Exercise brief |
When you reach a picture, skip it, and retype every line below exactly.

Supplied information |
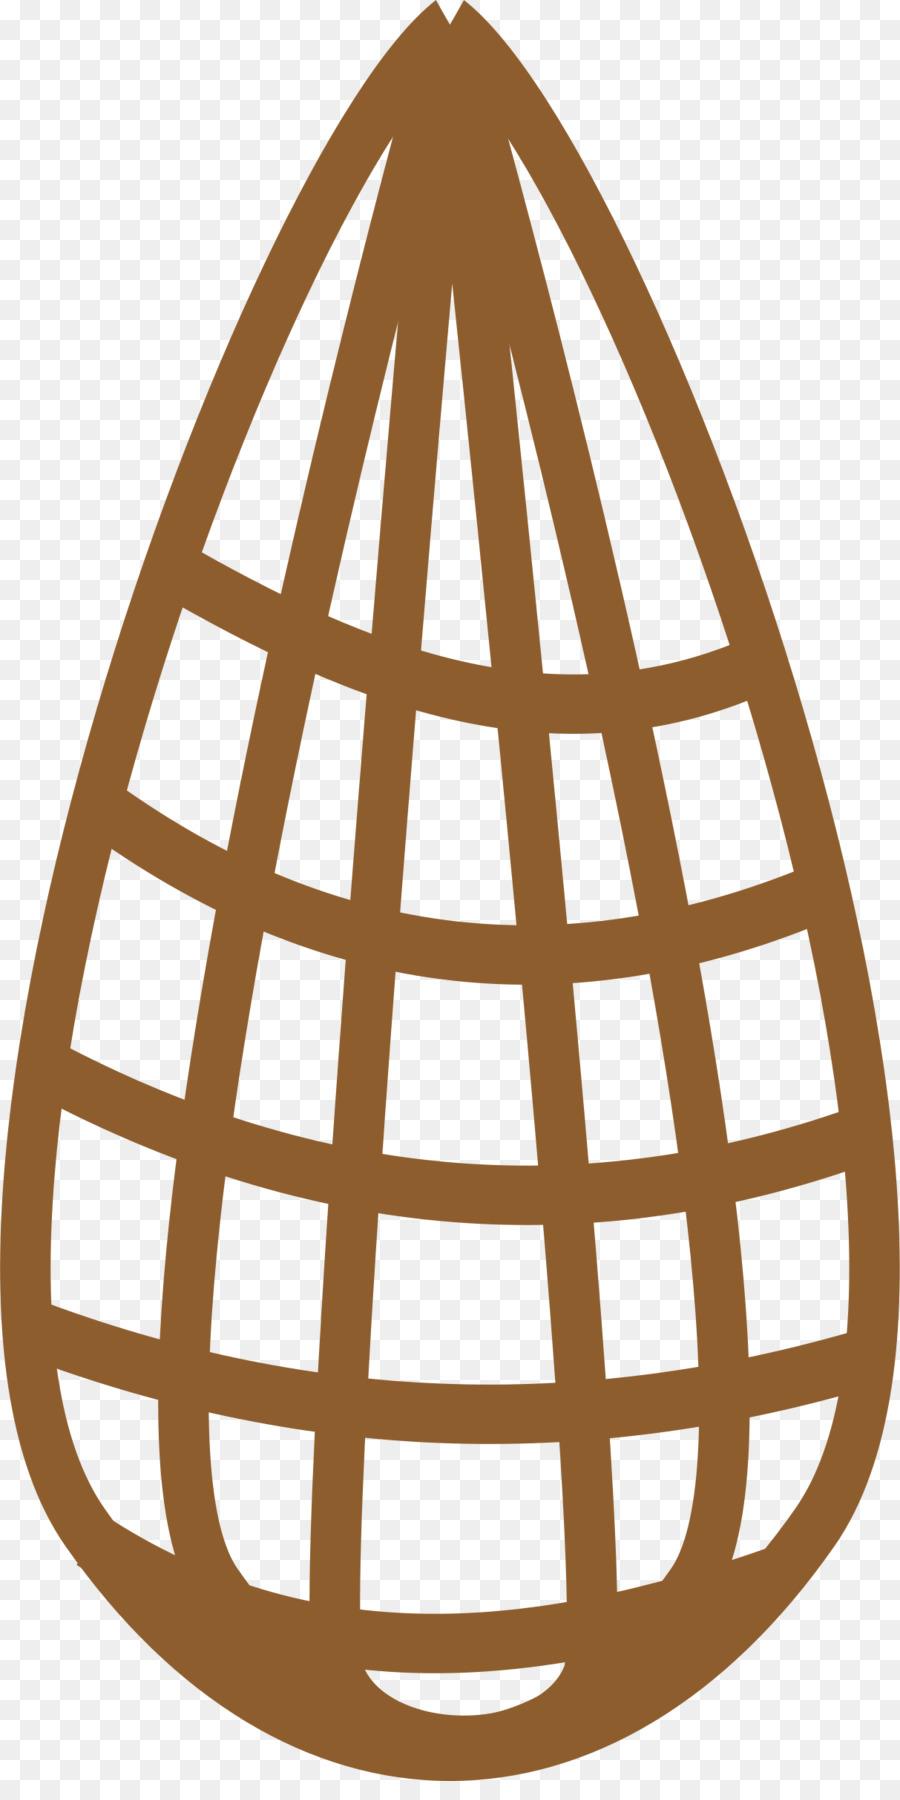 kisspng fishing nets fisherman clip art fishing net cliparts 5ab1b9ac13fa77.4106704715215968440818
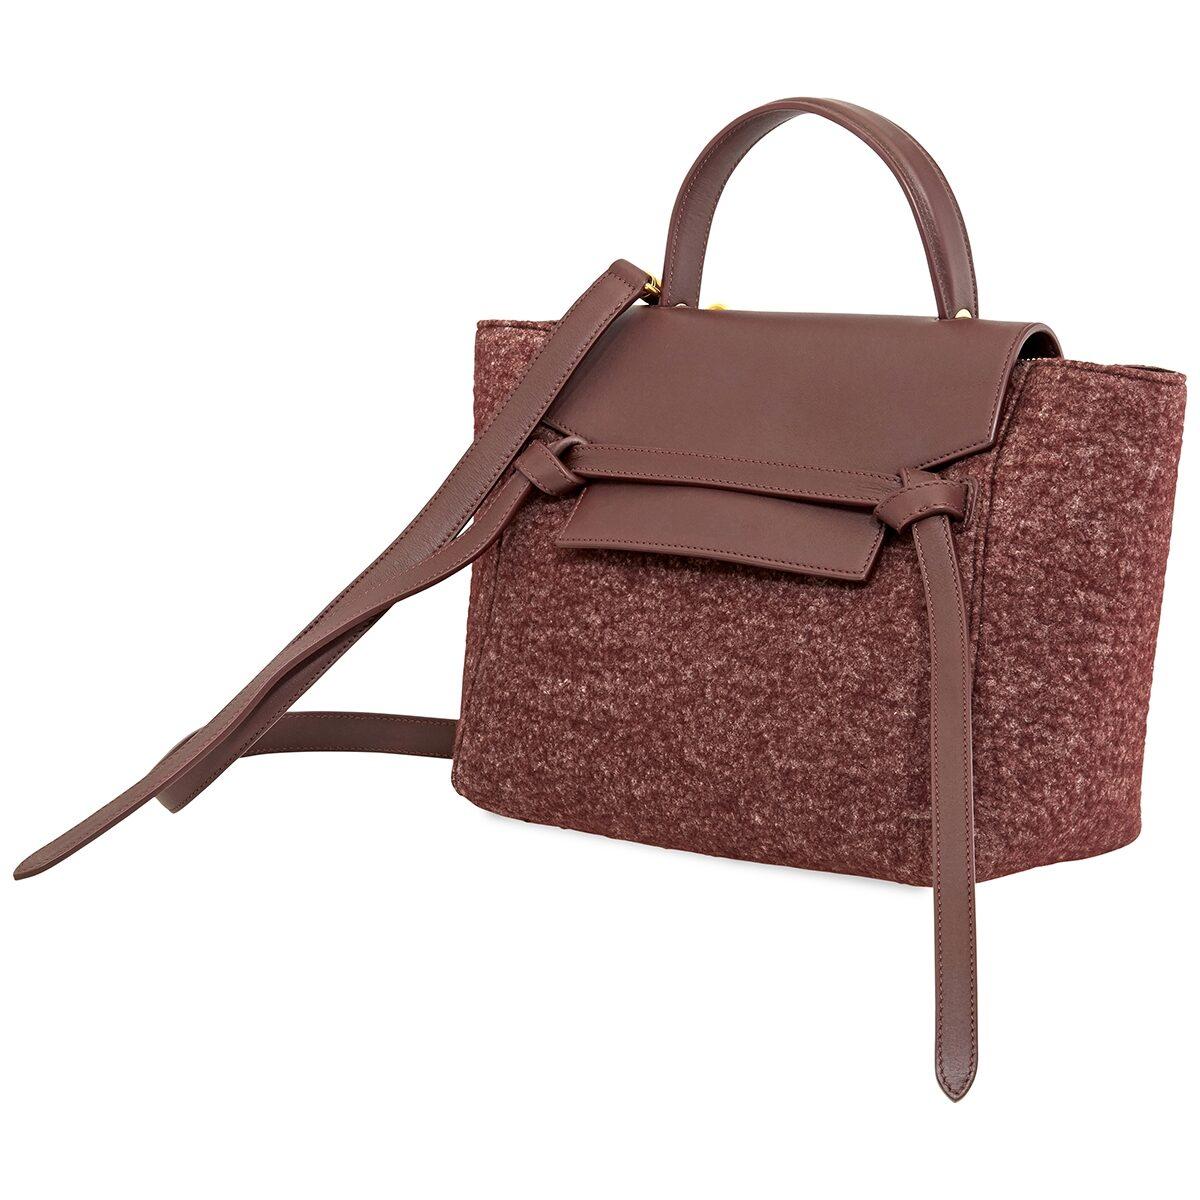 Celine Ladies Plum Micro Belt Bag 180152aun 28ru Handbags Celine Jomashop
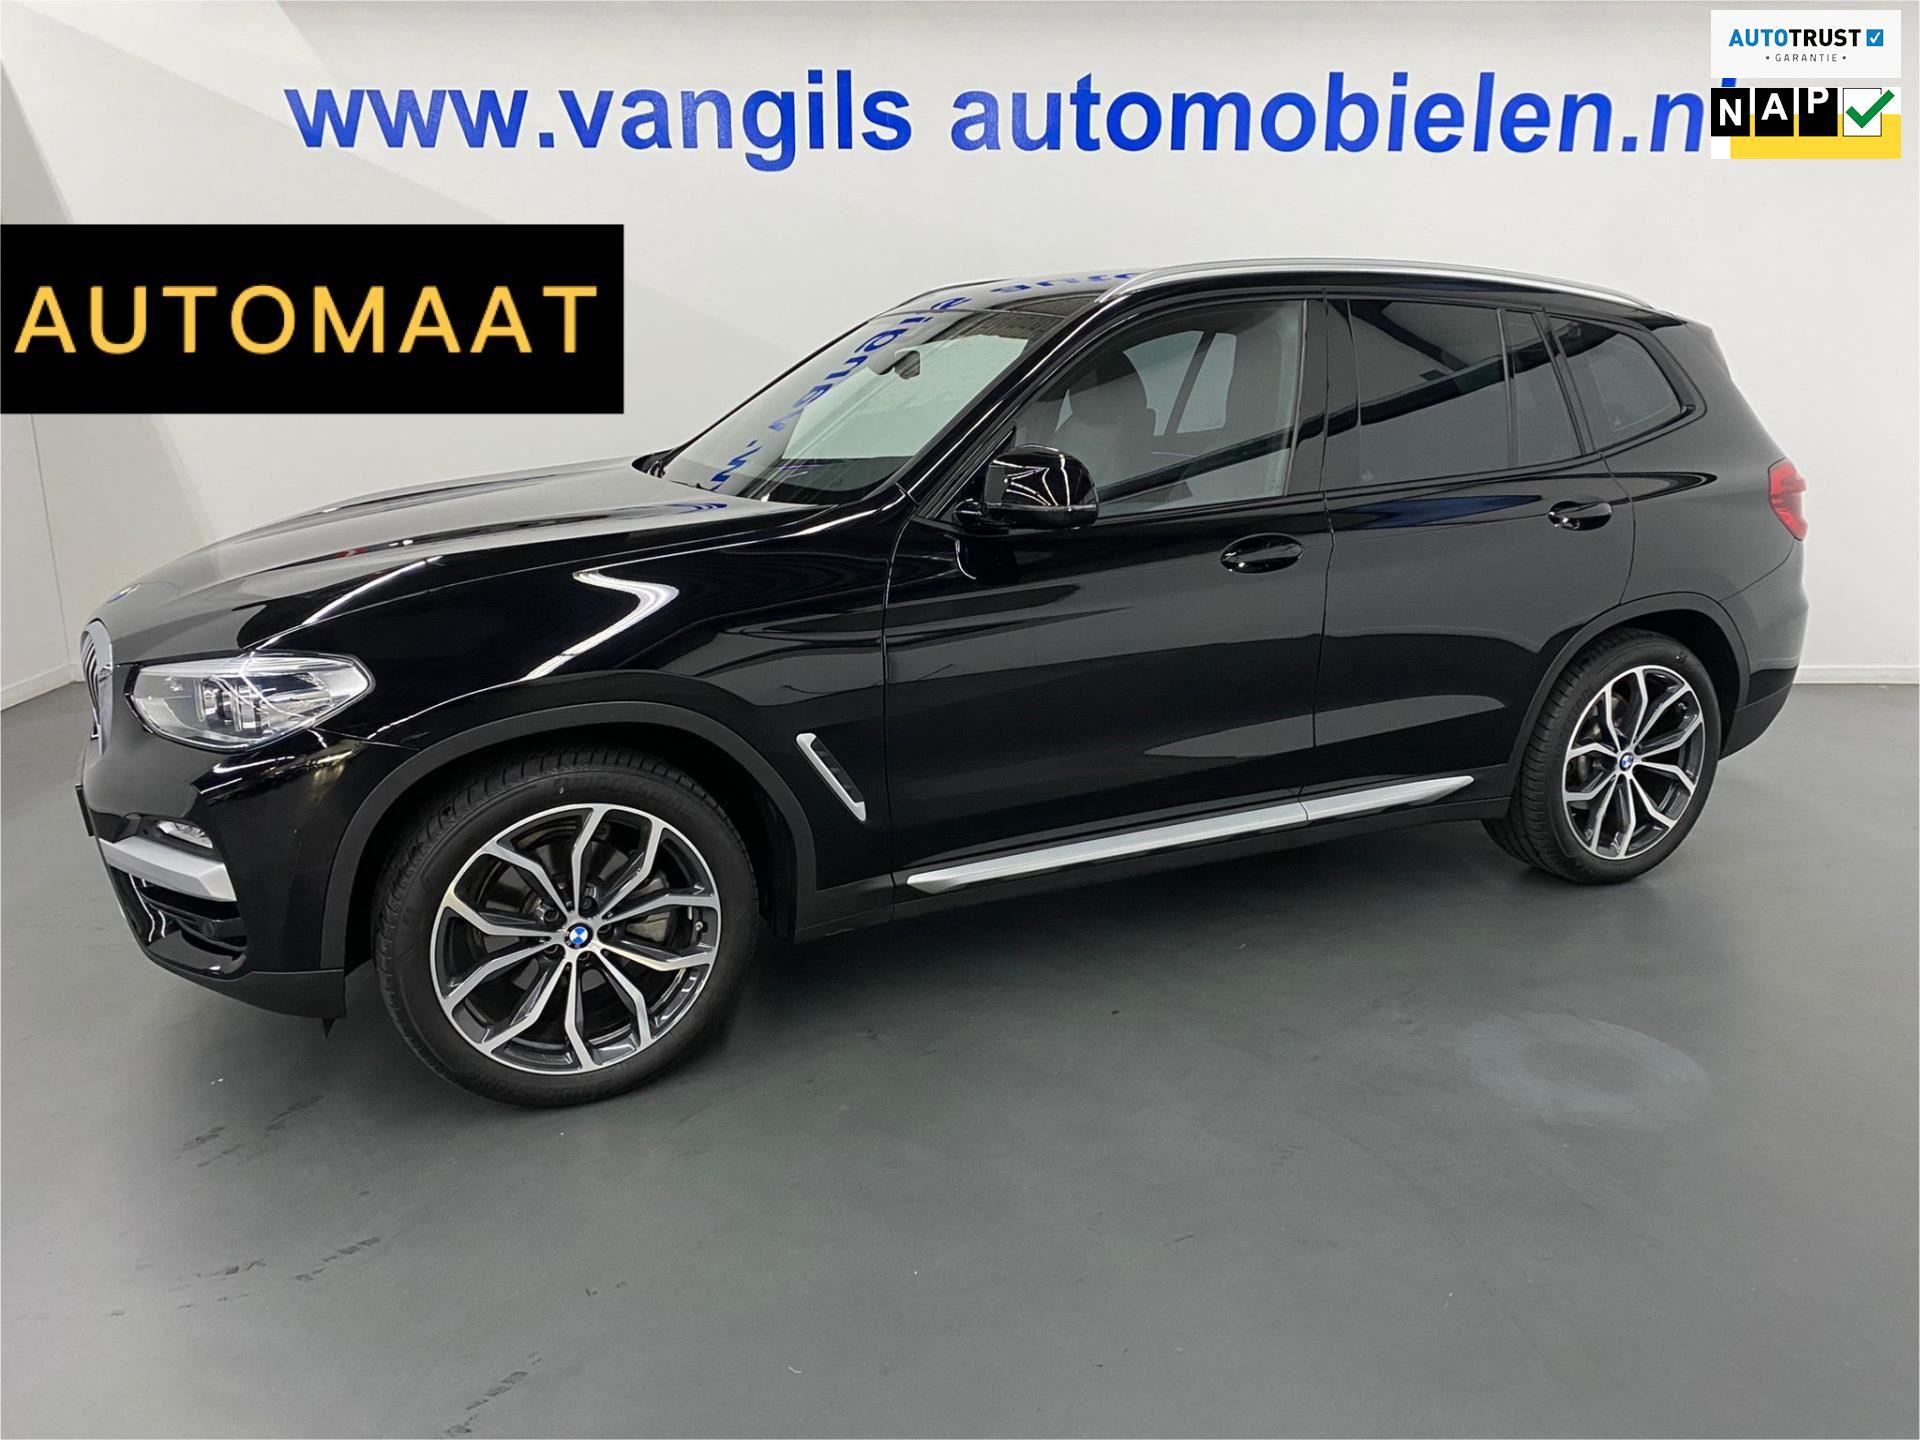 BMW X3 occasion - Van Gils Automobielen B.V.
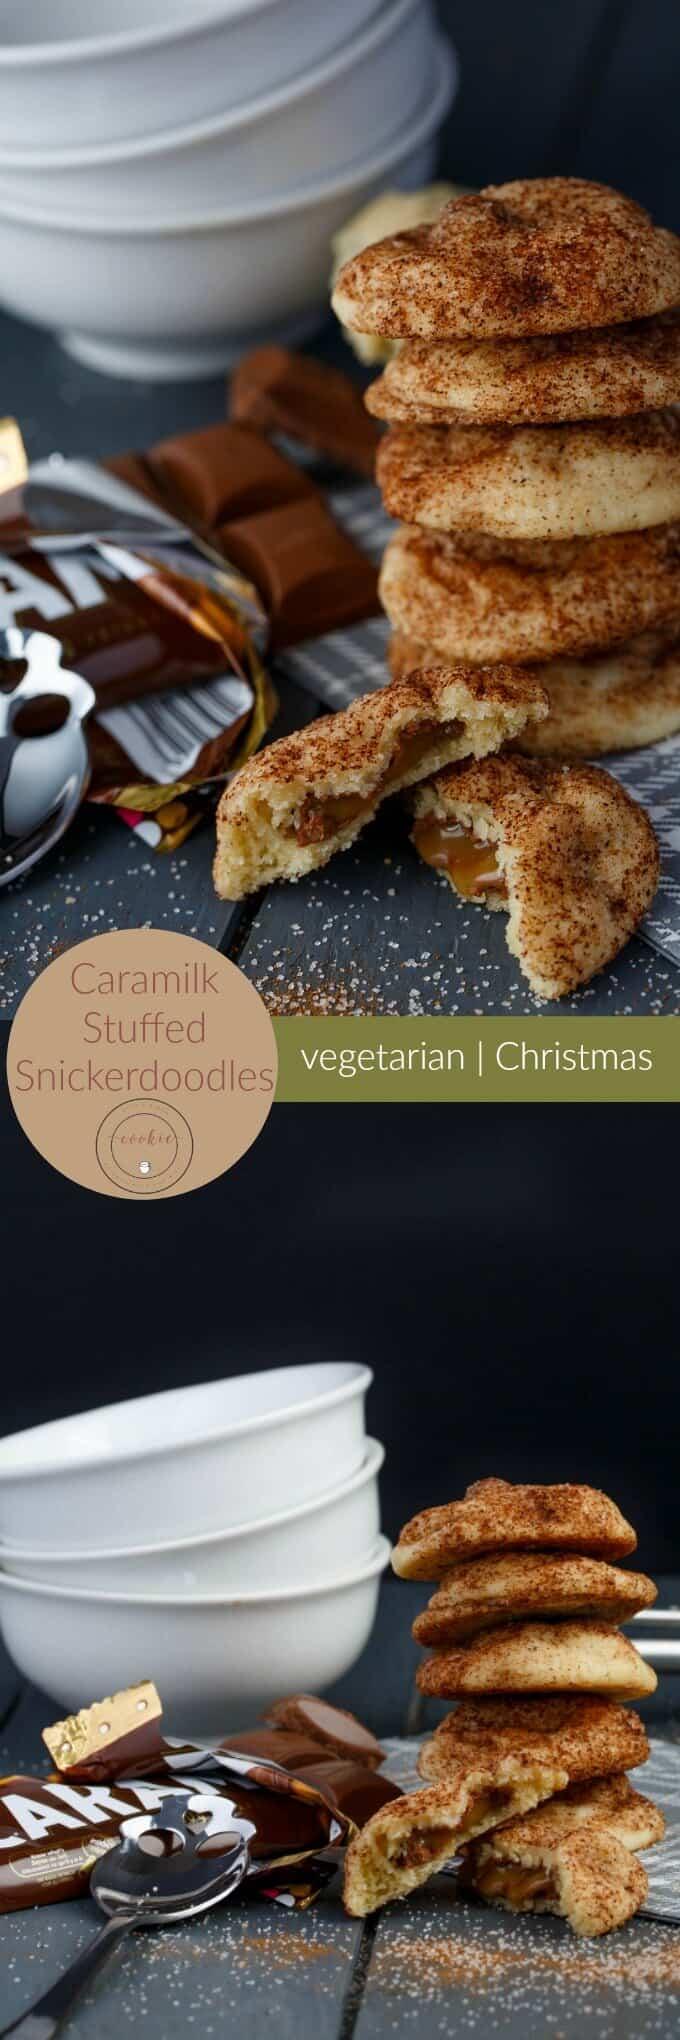 Caramilk Stuffed Snickerdoodles

Reply to the exercise |
 kisspng fishing nets fisherman clip art fishing net cliparts 5ab1b9ac13fa77.4106704715215968440818
 Celine Ladies Plum Micro Belt Bag 180152aun 28ru Handbags Celine Jomashop
 BMW X3 occasion - Van Gils Automobielen B.V.
 Caramilk Stuffed Snickerdoodles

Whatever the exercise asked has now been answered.